# About this exercise:
Copy the entries below exactly; any picture among them should be left out.

───── Task inputs ─────

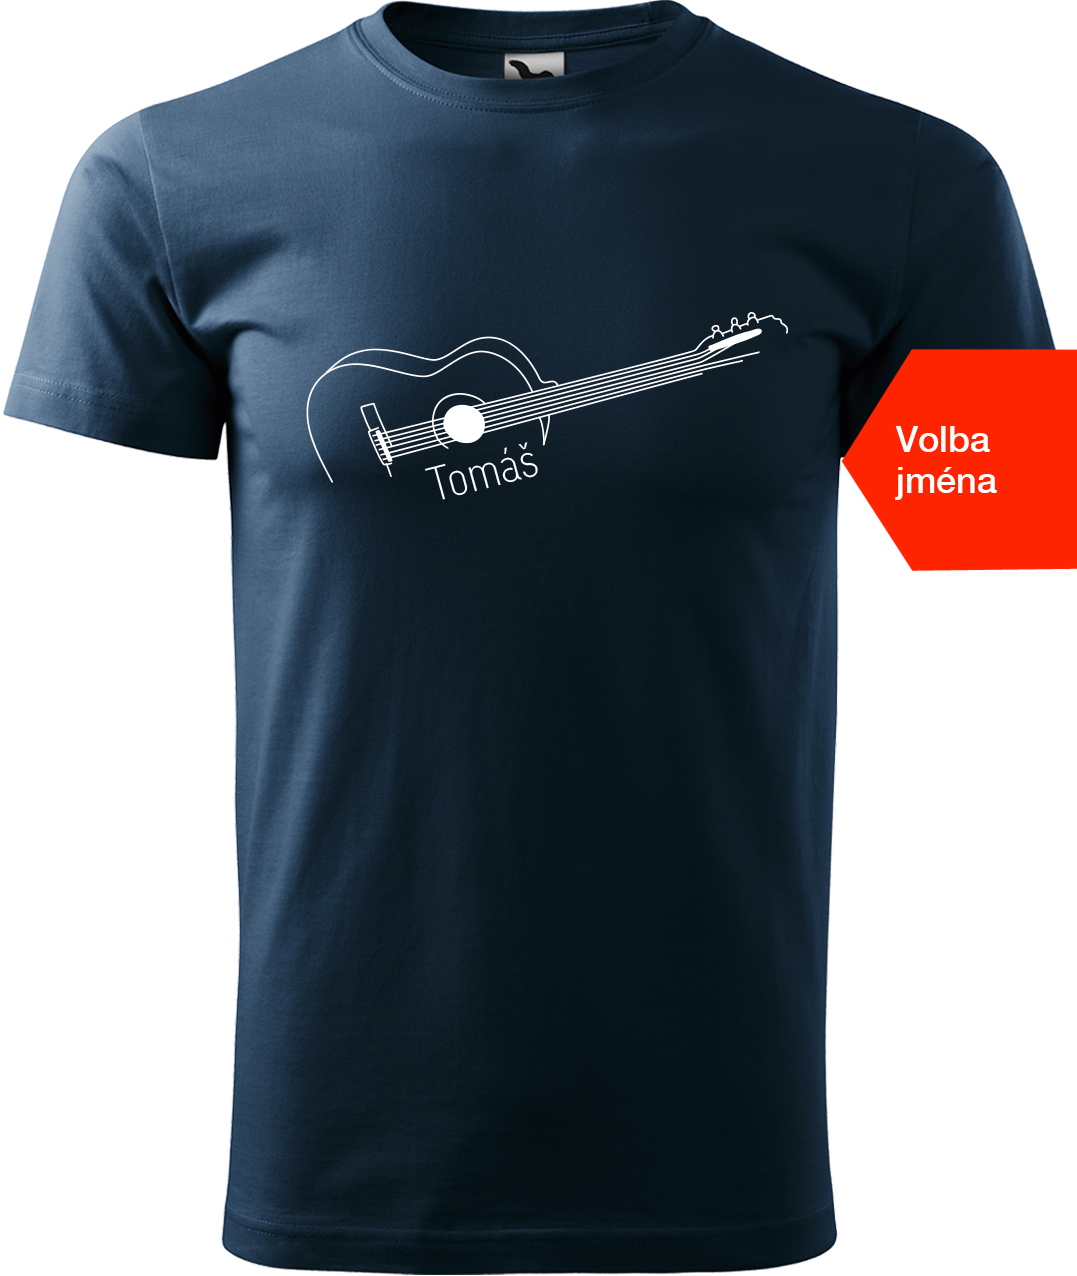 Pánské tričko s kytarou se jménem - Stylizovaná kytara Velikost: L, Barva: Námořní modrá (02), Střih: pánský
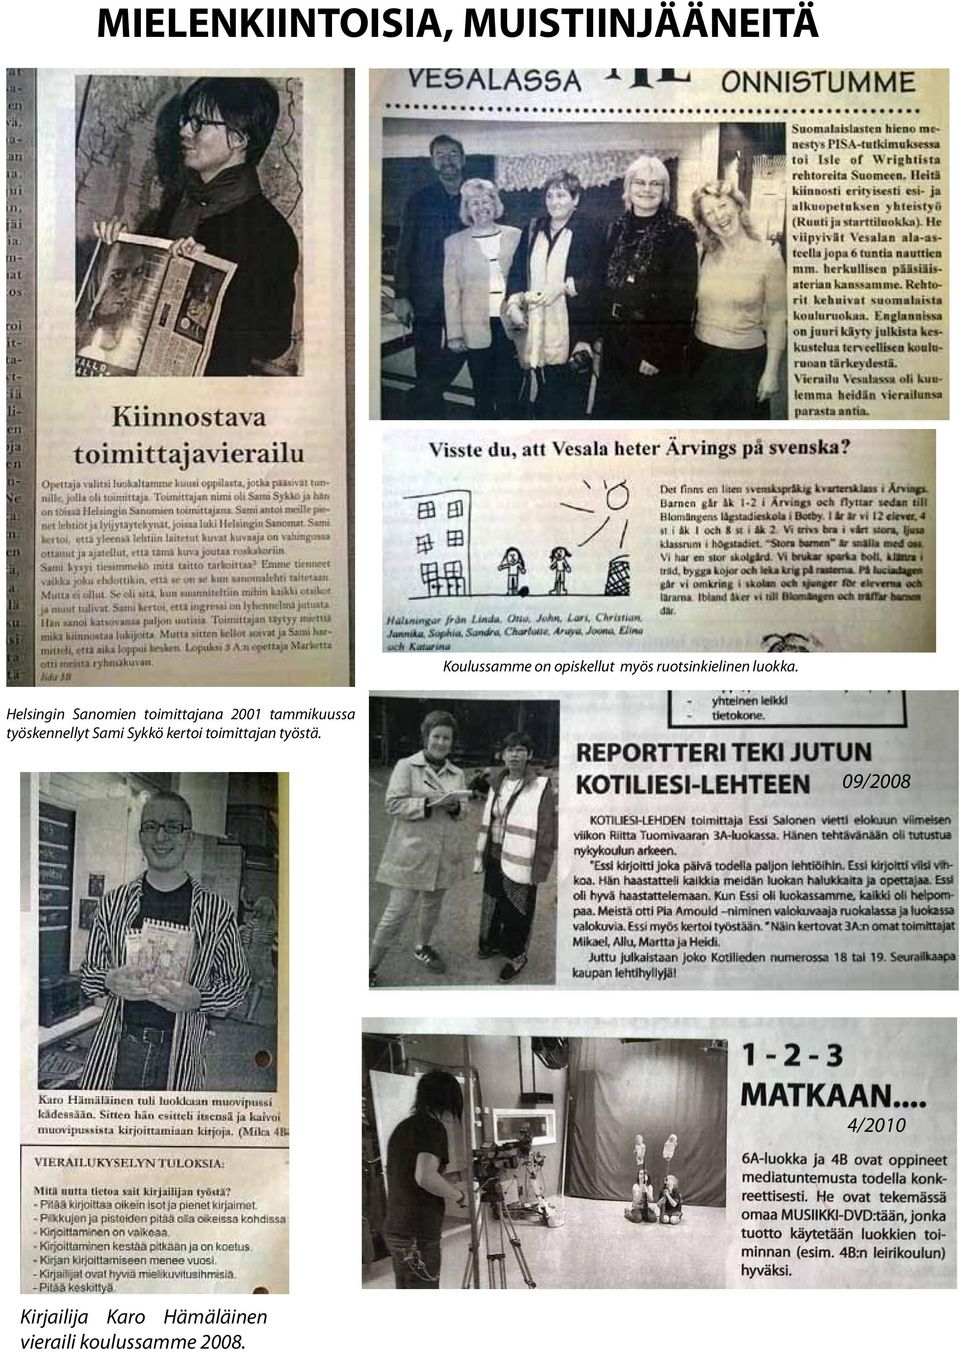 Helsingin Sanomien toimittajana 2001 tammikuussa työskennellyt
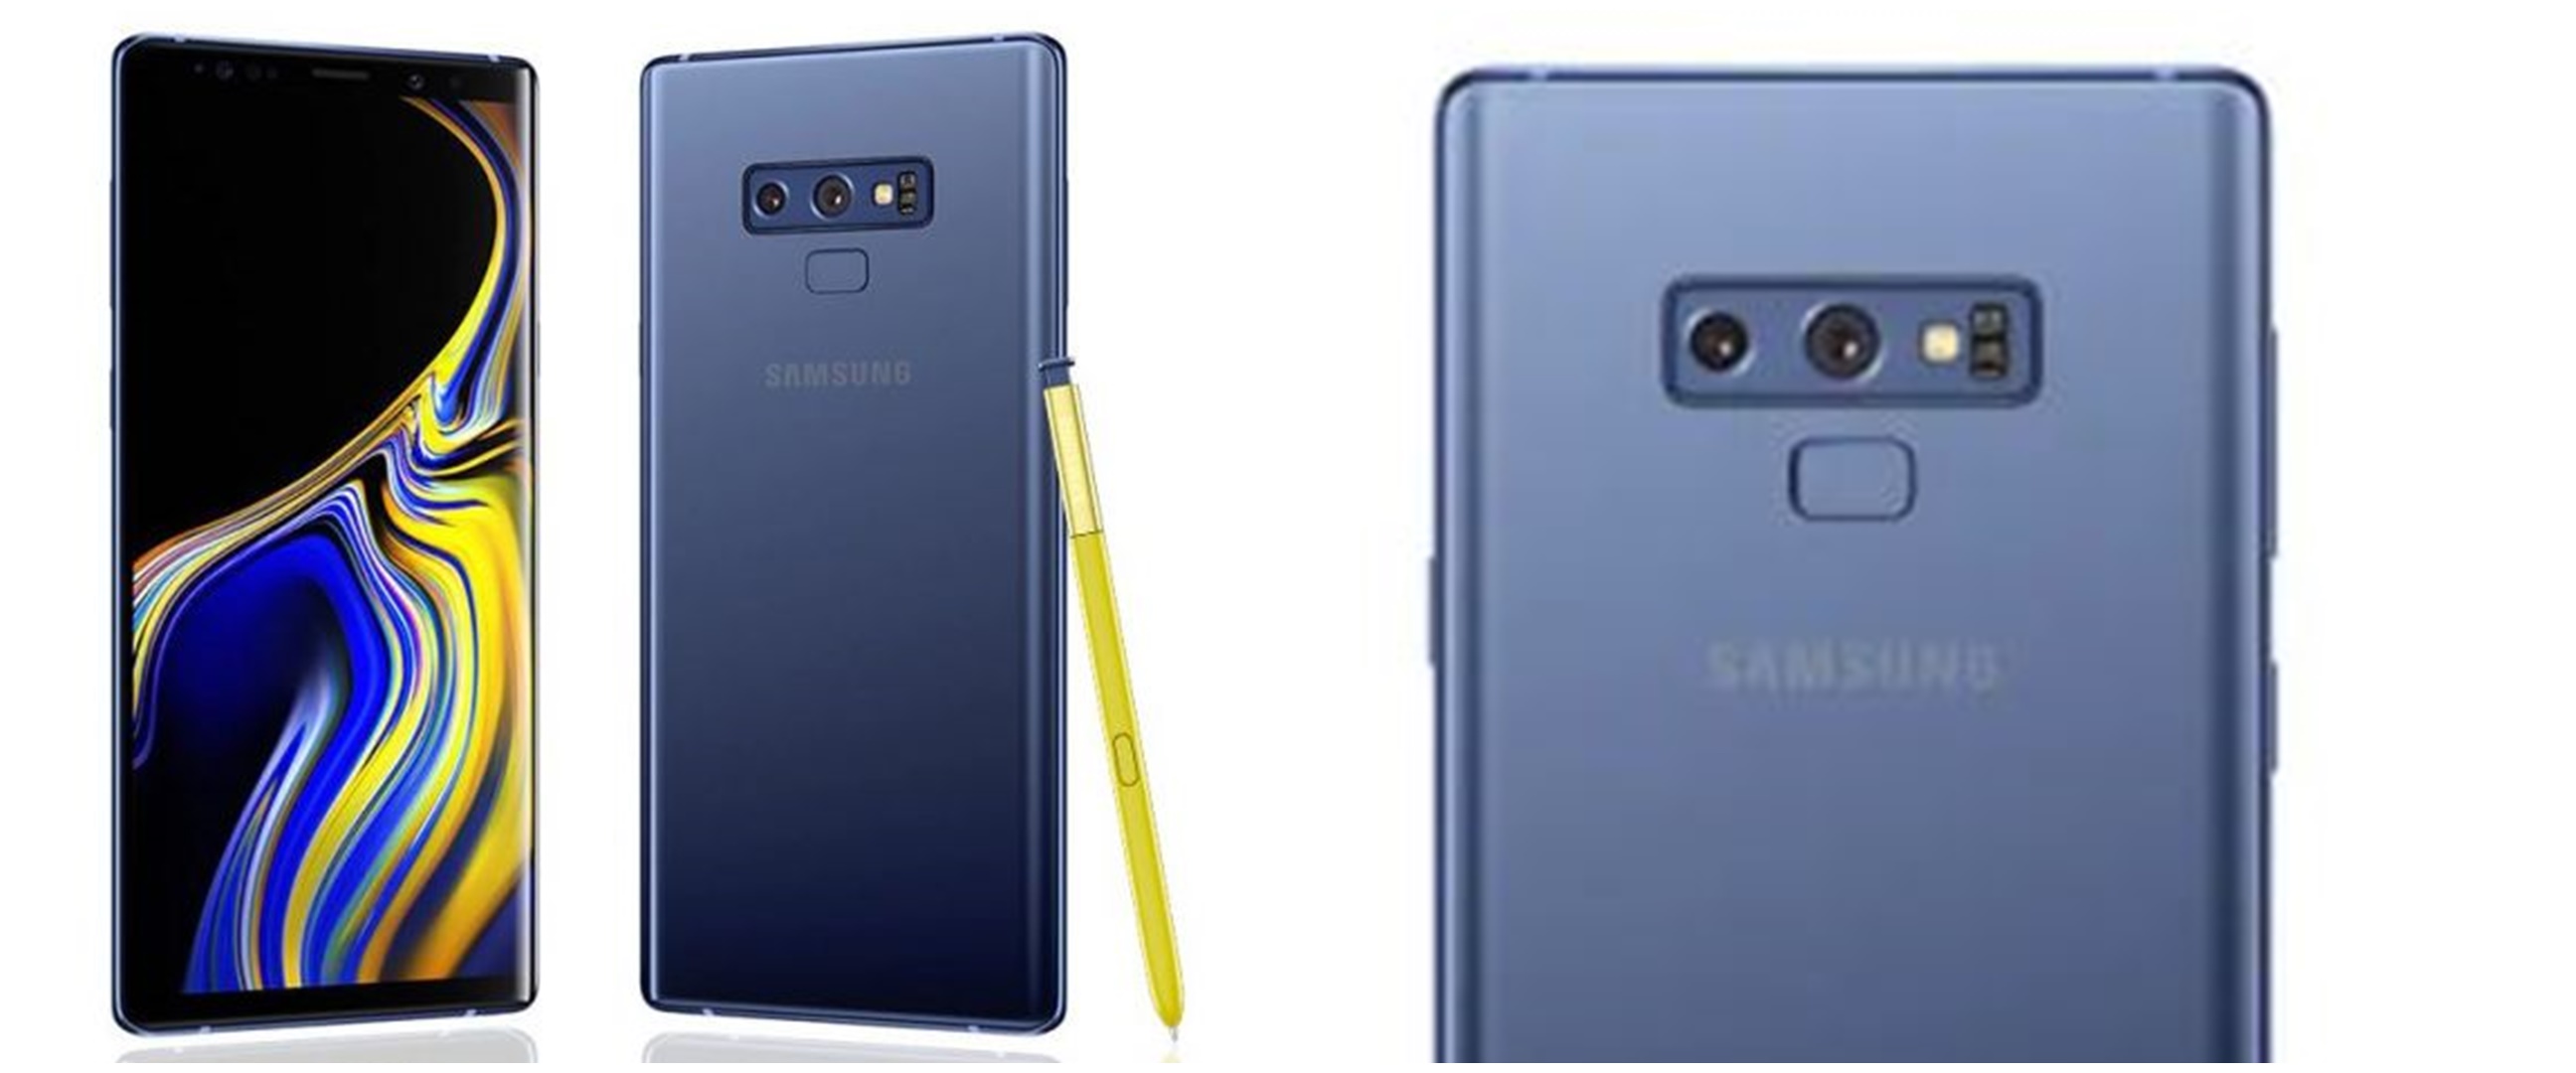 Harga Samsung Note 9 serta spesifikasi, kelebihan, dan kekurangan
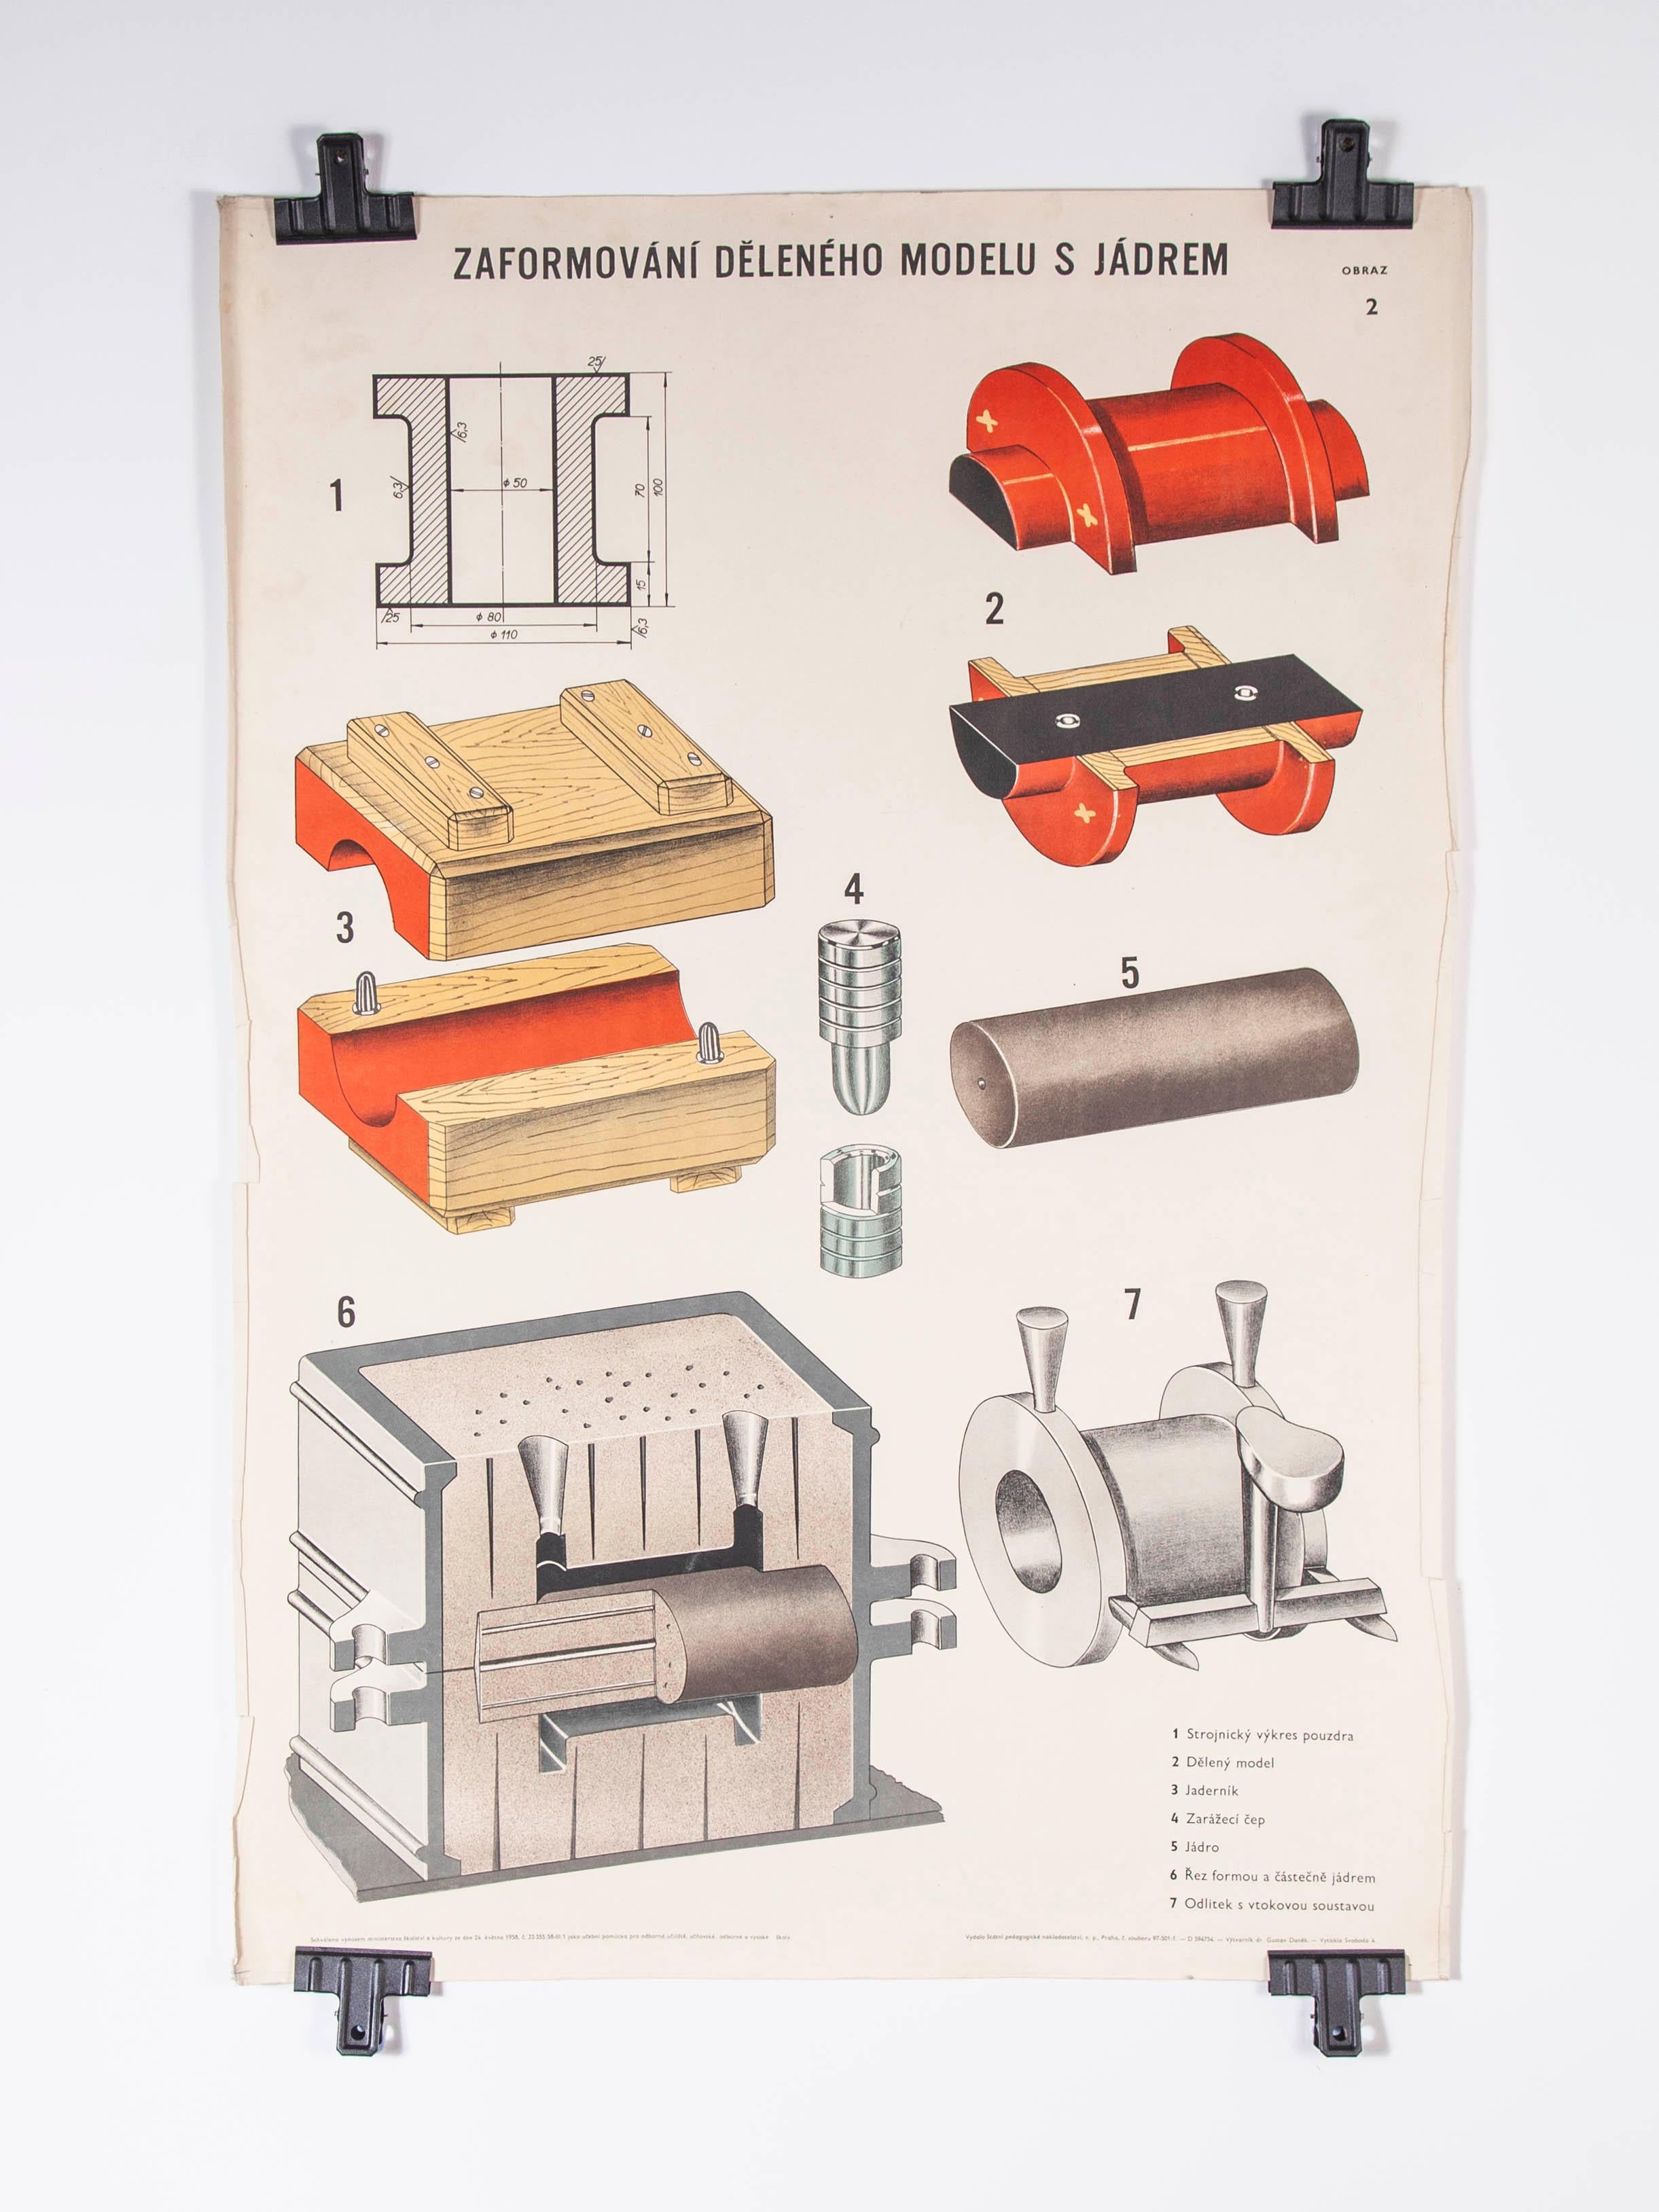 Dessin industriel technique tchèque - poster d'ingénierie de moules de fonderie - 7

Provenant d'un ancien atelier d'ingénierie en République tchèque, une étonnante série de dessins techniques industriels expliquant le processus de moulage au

─────

# Task response:
 Pánské tričko s kytarou se jménem - Stylizovaná kytara Velikost: L, Barva: Námořní modrá (02), Střih: pánský
 Helsingin Sanomien toimittajana 2001 tammikuussa työskennellyt
 Harga Samsung Note 9 serta spesifikasi, kelebihan, dan kekurangan
 Dessin industriel technique tchèque - poster d'ingénierie de moules de fonderie - 7

Provenant d'un ancien atelier d'ingénierie en République tchèque, une étonnante série de dessins techniques industriels expliquant le processus de moulage au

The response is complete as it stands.